The basic premise in Race the Sun is you control a small, solar-powered vehicle trying to make it as far as you can, staying in sunlight as best you can, through 25 levels before the sun sets and you lose power. As you race through the areas you also have certain goals to complete, such as collecting a certain number of power ups, doing a barrel roll a certain number of times, clearing a certain number of levels in a round, or reaching a certain score. Completing these goals will level up your ship and unlock items or ship enhancements to be used in game. This leveling system has been used before in other games and works well, but I found some of the goals to be a lot tougher than they should be, especially when you are still at a low level.
As you level up the ship, you will find that the unlocked enhancements and power ups will be key to making it farther in the game. They come in all forms, from being able to jump then slowly glide along and hopefully find a spot that looks safe enough to land, ones that push the sun higher into the horizon, to power-ups that allow you to collect score multipliers and other power ups easier without having to worry about being right on top of them. You do need to be careful, as if you even graze an object lightly you lose most (if not all) of your score multipliers.
So far, it may sound like a walk in the park – but it isn’t. Trust me, you will be gnashing your teeth at times when you miss a turn, or get stuck in a alleyway on the map that is hidden in shadows. In this game shadows are not you friend because even if the sun is high in the sky, if you stay hidden from the sun too long, your ship will lose power and it will be game over. So when you get to later levels you will find more of taller structures that will cast huge shadows down across your path. Don’t get me wrong – the game is difficult, but not so much that it makes you want to quit. Instead, is has more the opposite effect, where you want to try again and again to reach that next level or to achieve the next goal in your list.
For those who think “Oh I can just memorise the map, then I’ll know what is around the next bend,” think again, because the world maps reset every day, which is a great feature for endless replayability.
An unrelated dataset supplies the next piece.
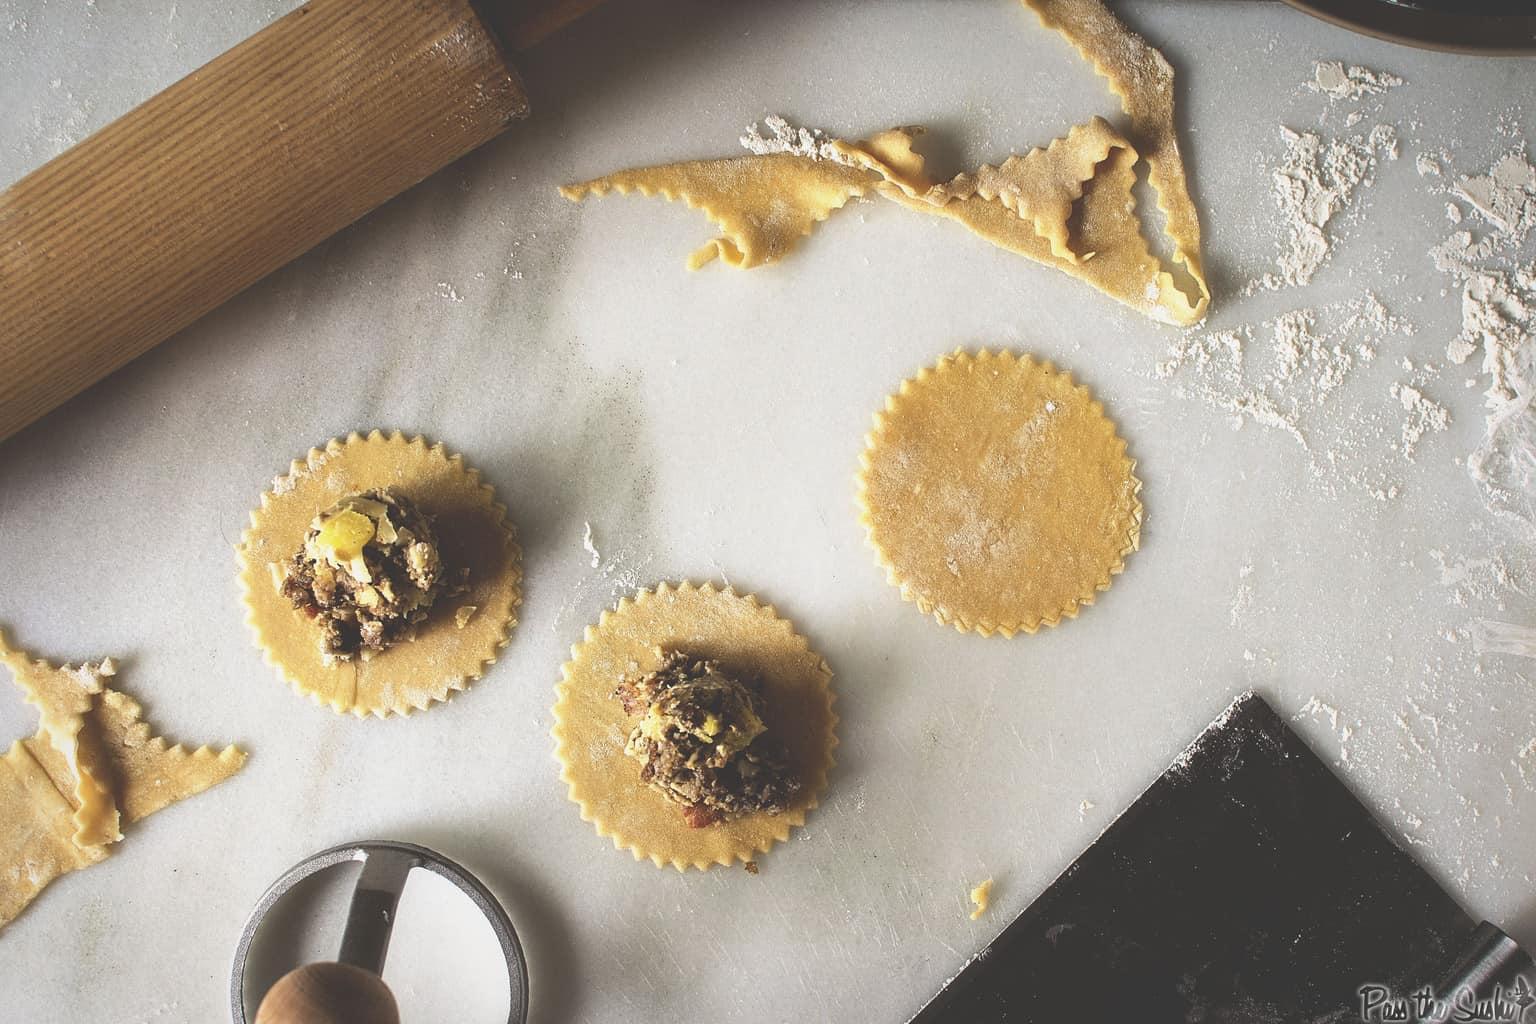 How to make Homemade Pasta | Kita Roberts PassTheSushi.com

Also later on in the game, you will come across special portals that will take you to user-created maps that you can take to see what fiendish designs other people have come up with.
The level creator is built into the game, and can be accessed by going to “Players Worlds” then to “My Worlds”. Here you can either modify an existing world, or start from scratch. The creator program doesn’t have that high of a learning curve, plus the Flippfly website has plenty of videos showing how to approach building a good level. I have to admit that I had trouble at first trying to locate the creator section, and it took a visit to the developer’s website forums to find out where exactly it was.
After you hit level 6 you will be able to participate in multiplayer co-op, where at the end of your game you share your final score over Twitter or Facebook, and someone can continue on from that point until finally someone makes it to the end, like a relay race. Then the score is submitted to the Team Leaderboards for all to see. Later levels hold a few more surprises for people but honestly I had trouble just getting to level 6. However, the game is addictive and I will keep trying!
Graphically the game starts off looking rather simple, with basic 3D shapes, but they begin to evolve the farther you get into the game. The game reminded me a lot of the old Star Fox games where you were piloting your ship through obstacles, which is not a bad thing in my mind. I do wish there was a bit more color to the game, though. I know they are going for a certain look so I can look over that to some extent, but when you’ve seen one greyish cube you’ve seen them all. The game does impart a good sense of speed, but I found myself losing my timing and crashing often.
While you are zooming through the levels you will be treated to groovy trance tunes which fit the game nicely. The tunes from the game will be available eventually from Flippfly’s website under your account. As far as sound effects, there really aren’t that many, but what you do hear fits well. Sometimes less is more.
Race the Sun is a fun endless runner of sorts that I can see making its way to other platforms in the future. It is looking for votes to get Greenlit on Steam, and I’d recommend promoting it. The price is slightly high at $10 right now, but it is DRM-free and available for PC, Mac, and Linux users.